*** Recorded information ***

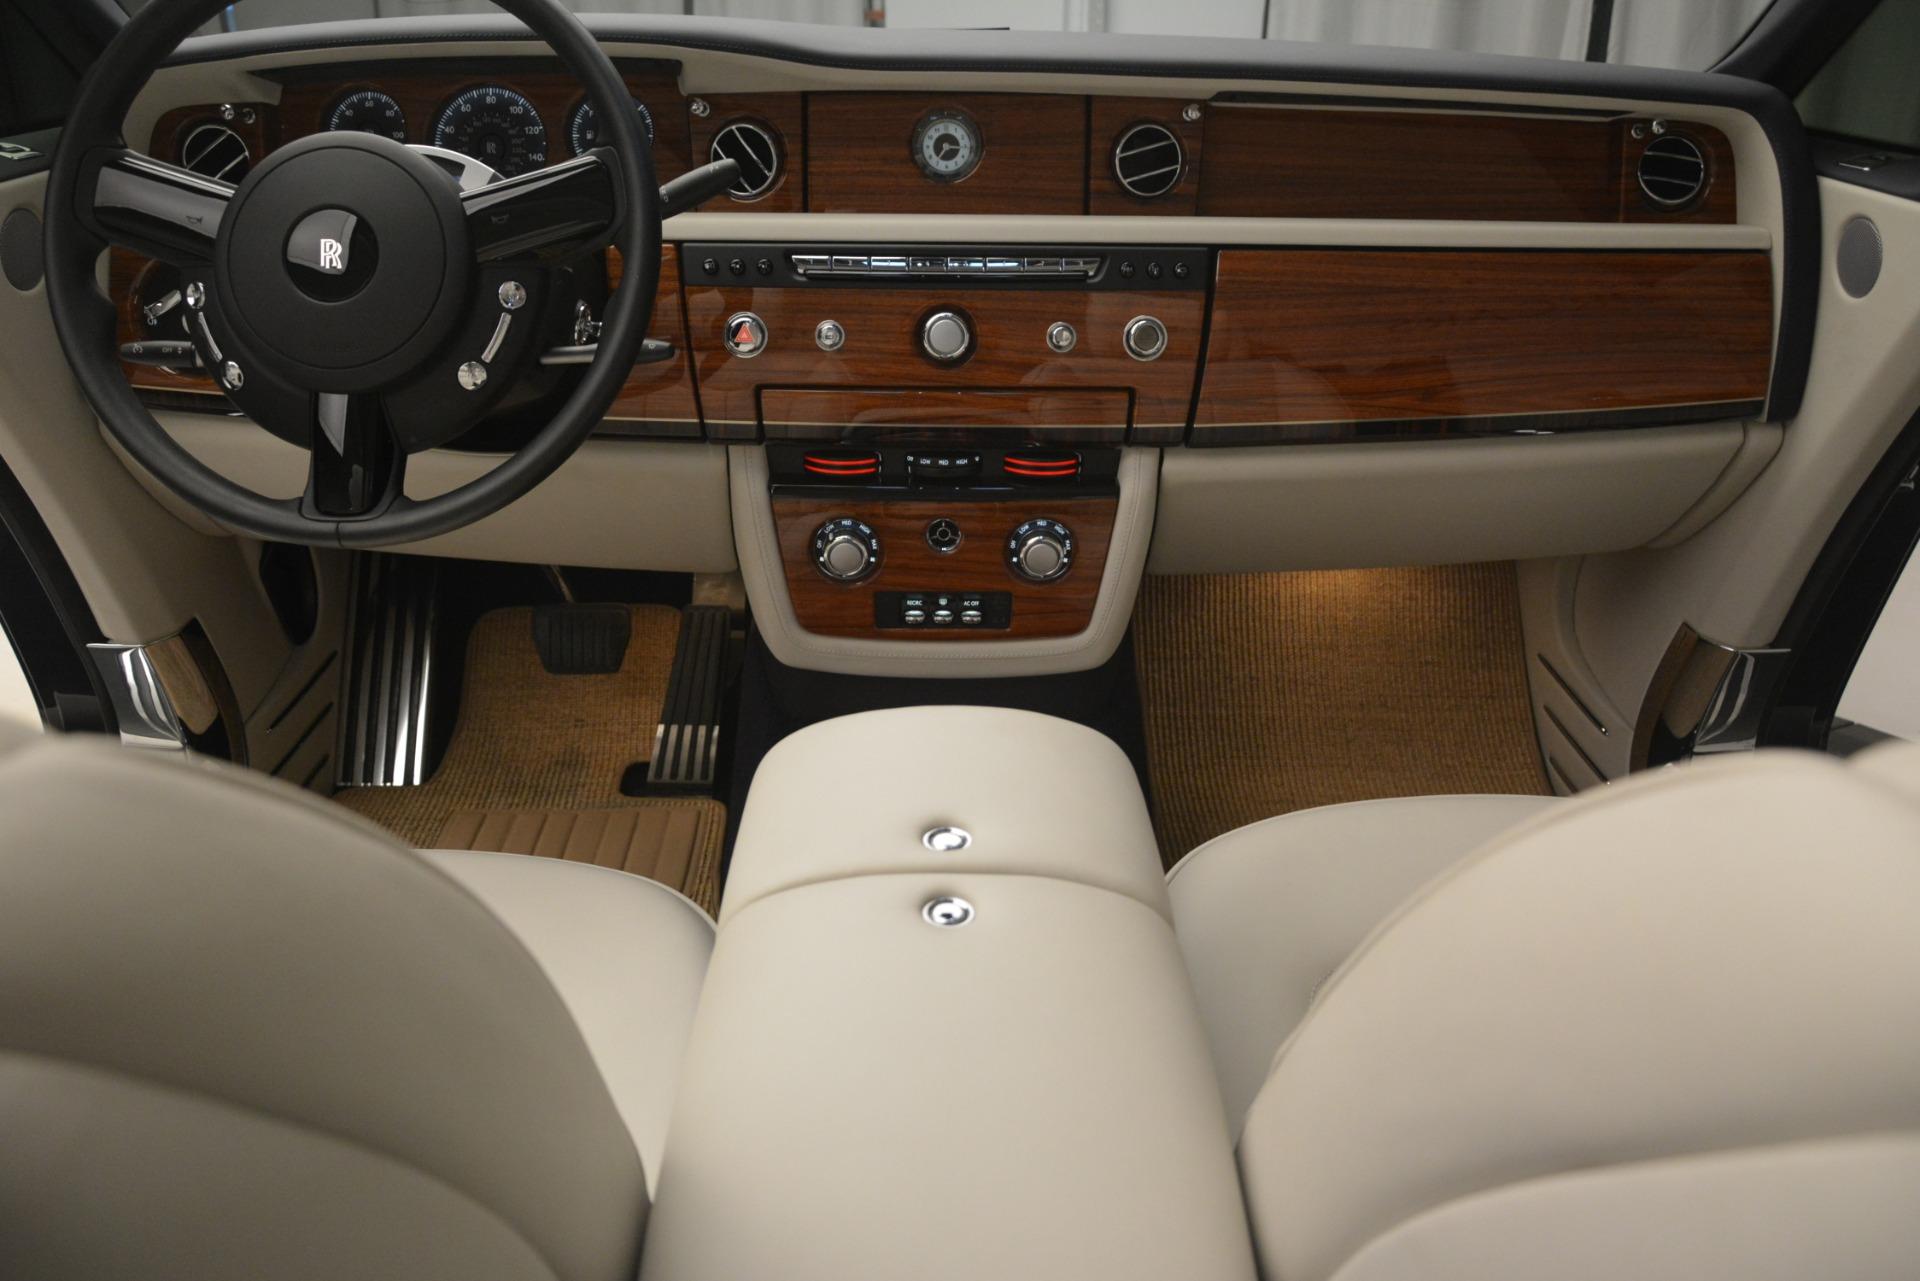 Used 2013 Rolls-Royce Phantom Drophead Coupe  For Sale In Westport, CT 2999_p34
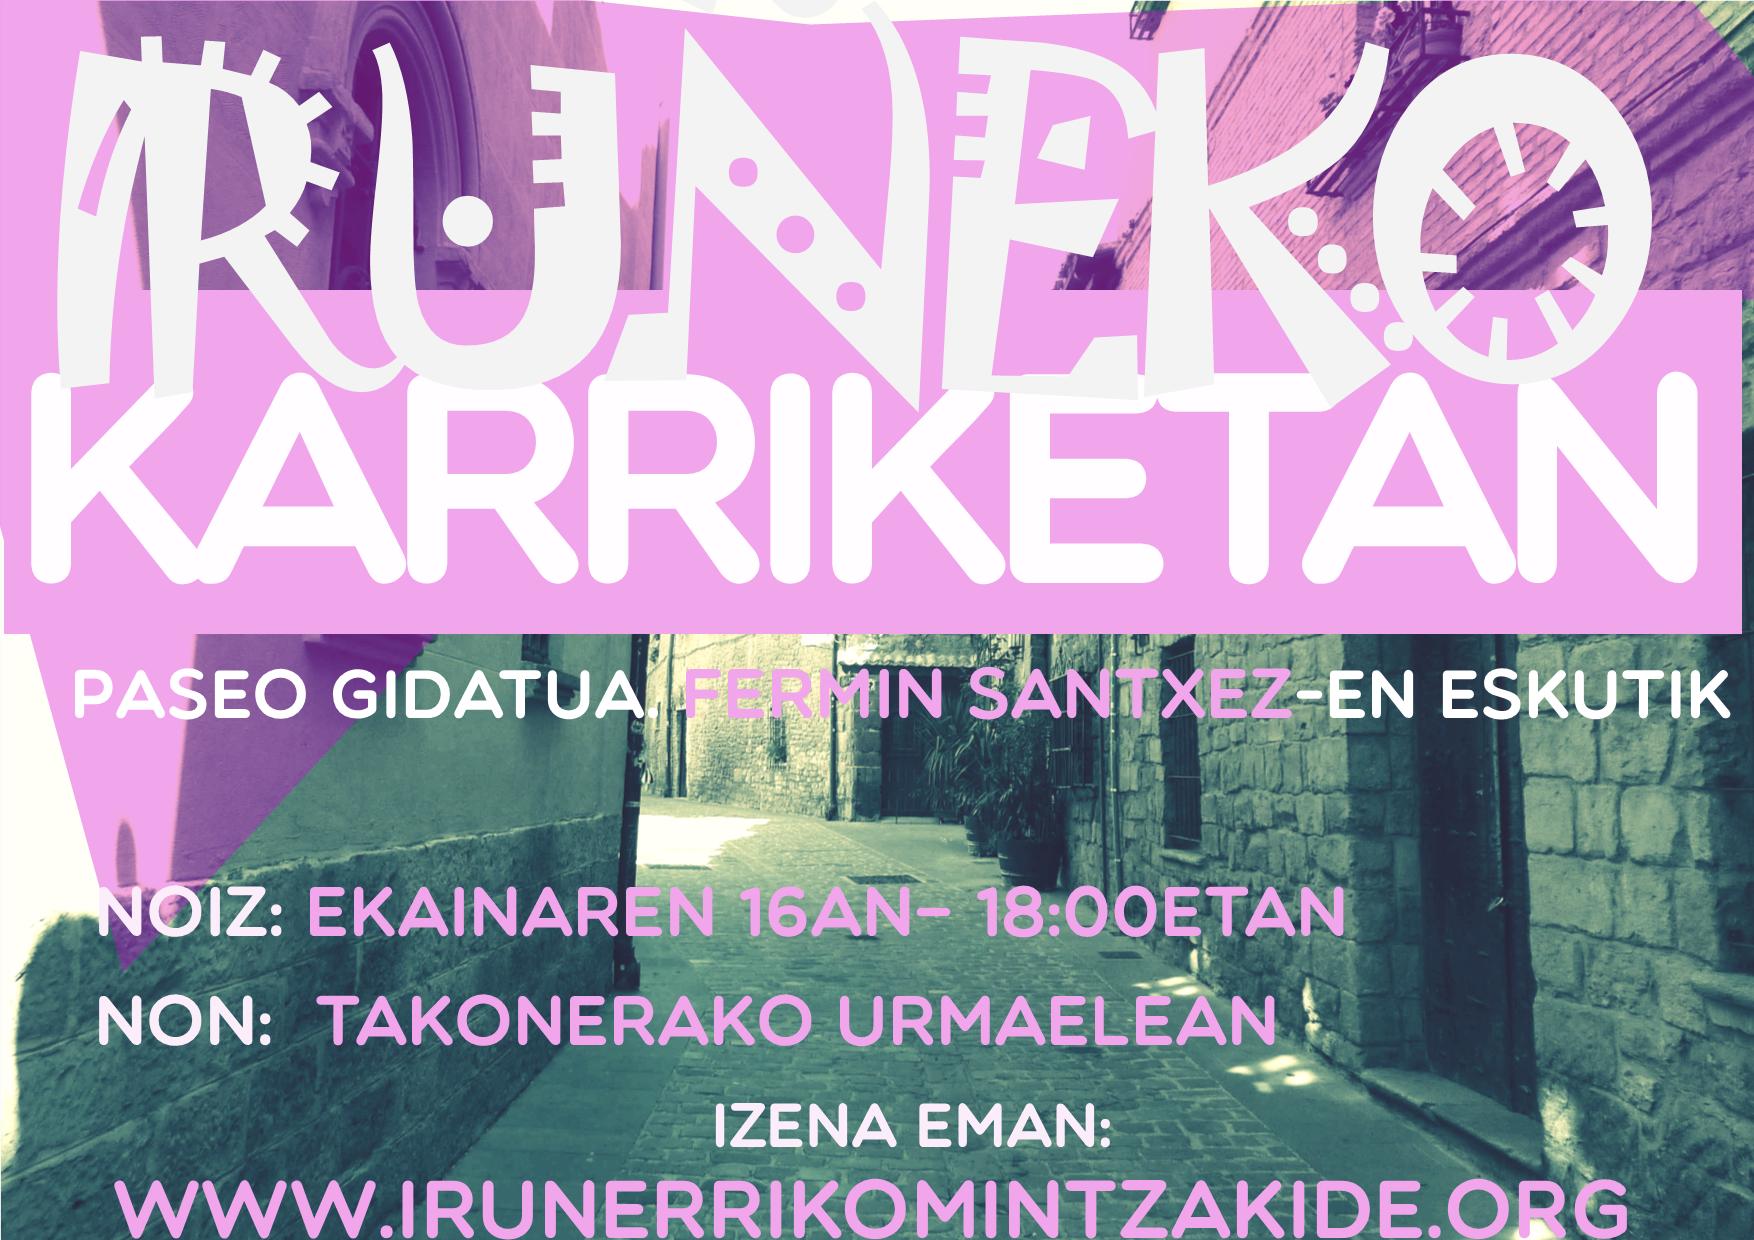 """Ekainak 16: """"Iruñeko Karriketan"""" paseo gidatua + Pintxo-poteoa!"""
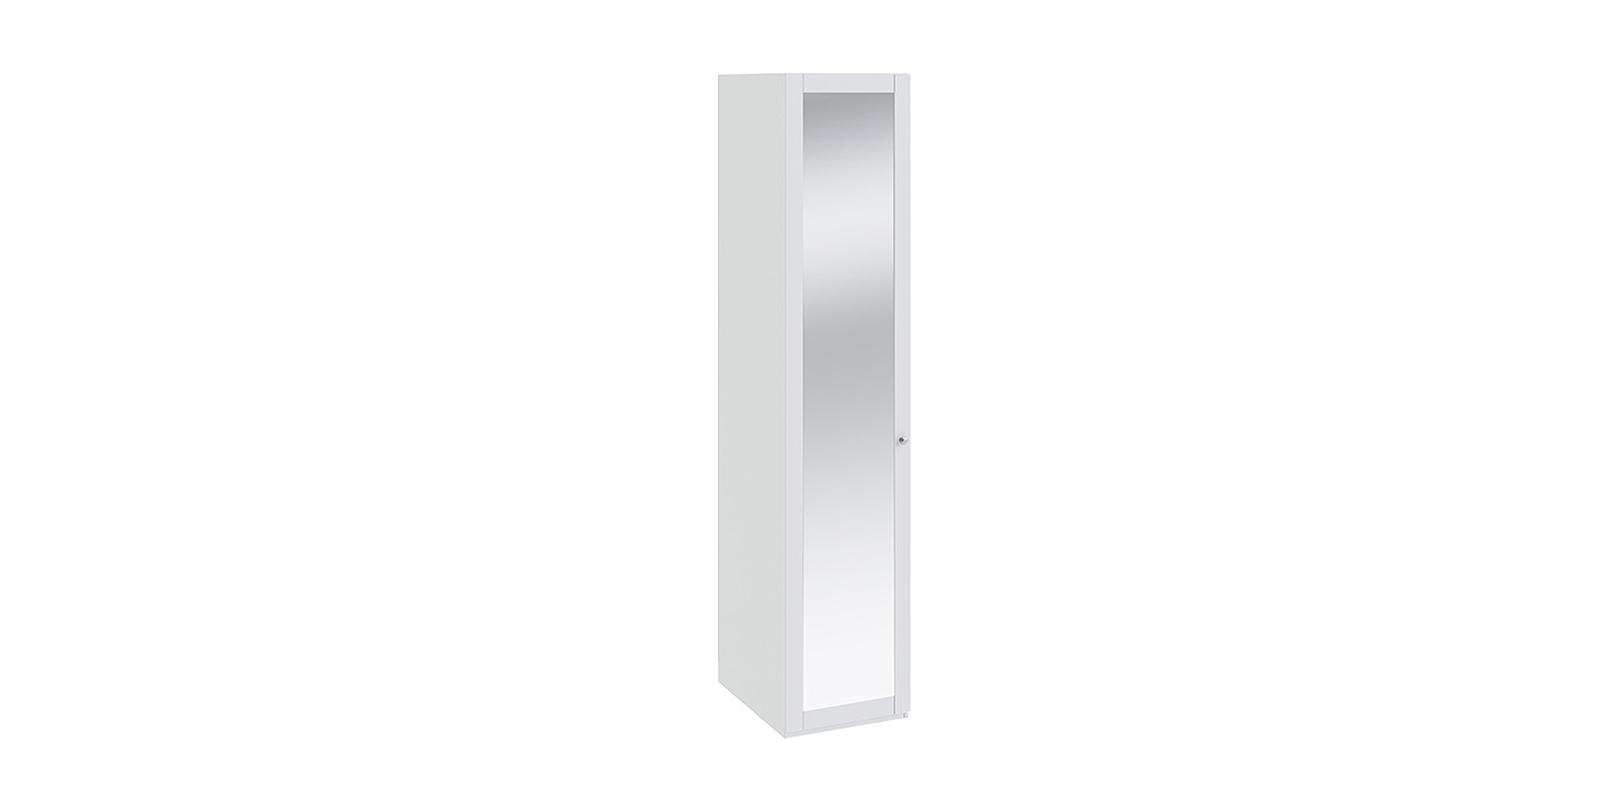 Шкаф распашной однодверный Мерида вариант №4 (белый/зеркало)
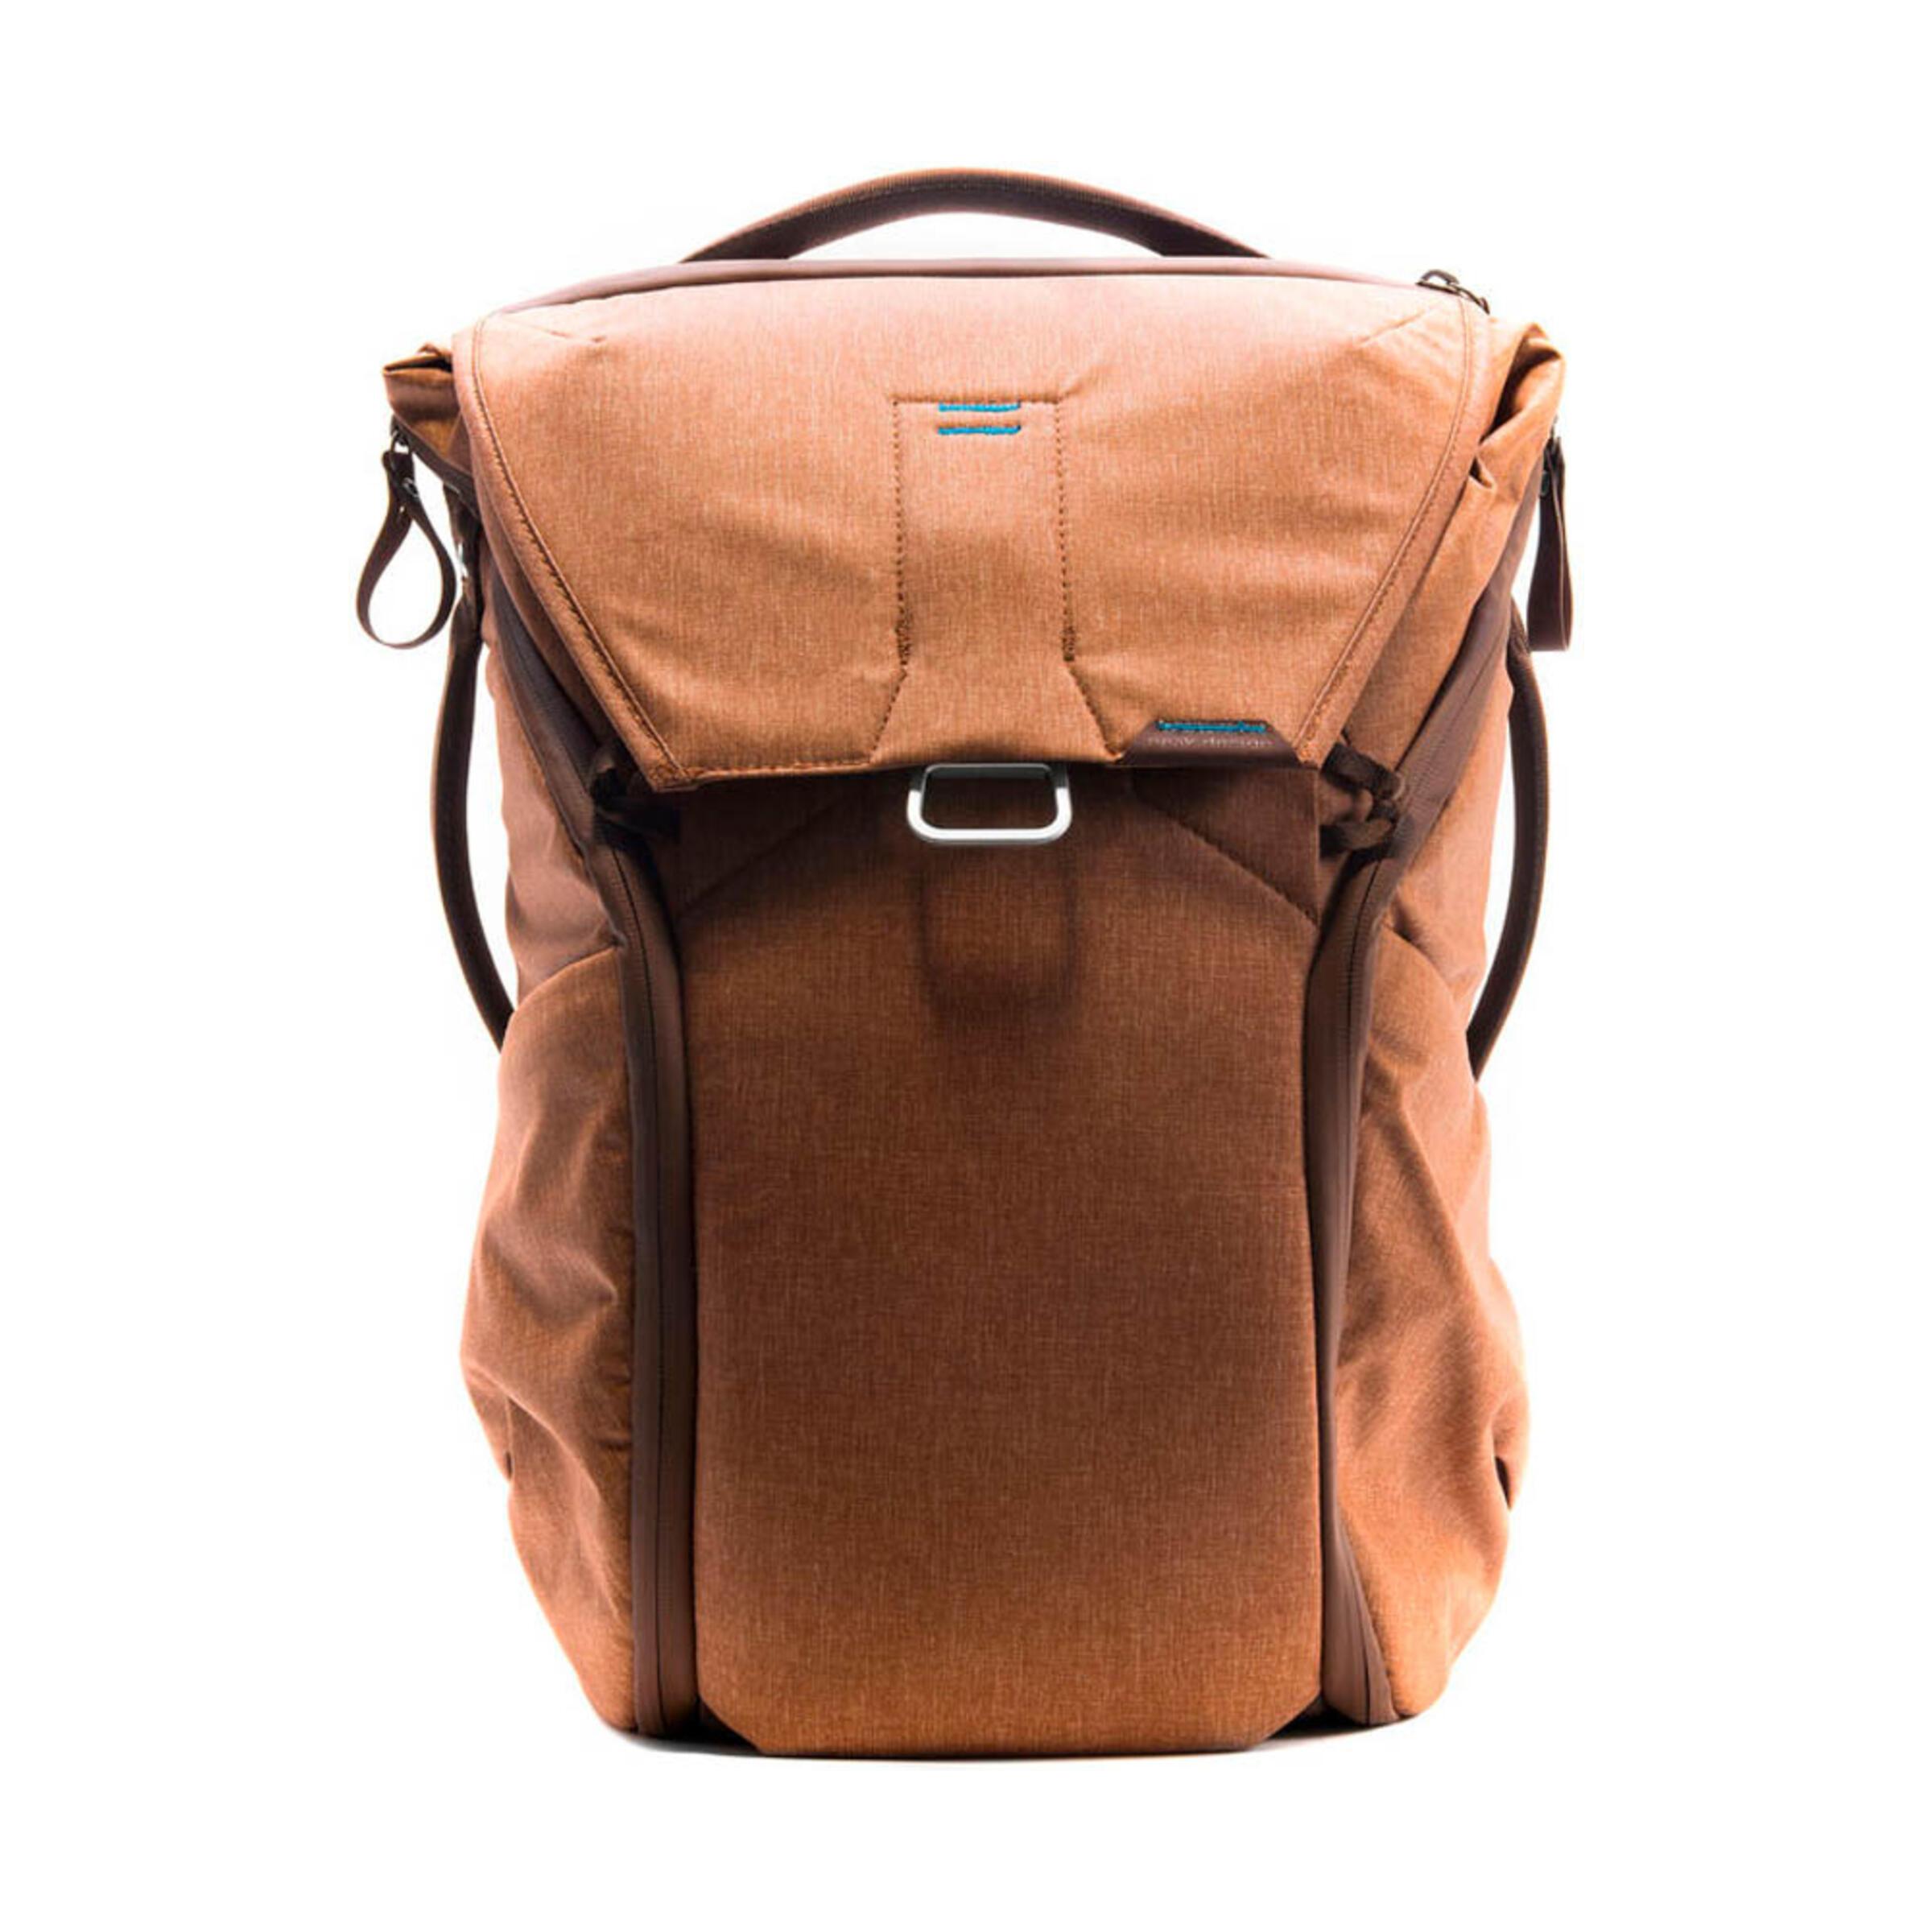 Peak Design Everyday Backpack 20L : Tan

*** End of Recorded information ***

**Task item**
The data shown above must be printed again exactly, with no images included.

**Finished exercise**
 Used 2013 Rolls-Royce Phantom Drophead Coupe  For Sale In Westport, CT 2999_p34
 """Ekainak 16: """"Iruñeko Karriketan"""" paseo gidatua + Pintxo-poteoa!"""
 Шкаф распашной однодверный Мерида вариант №4 (белый/зеркало)
 Peak Design Everyday Backpack 20L : Tan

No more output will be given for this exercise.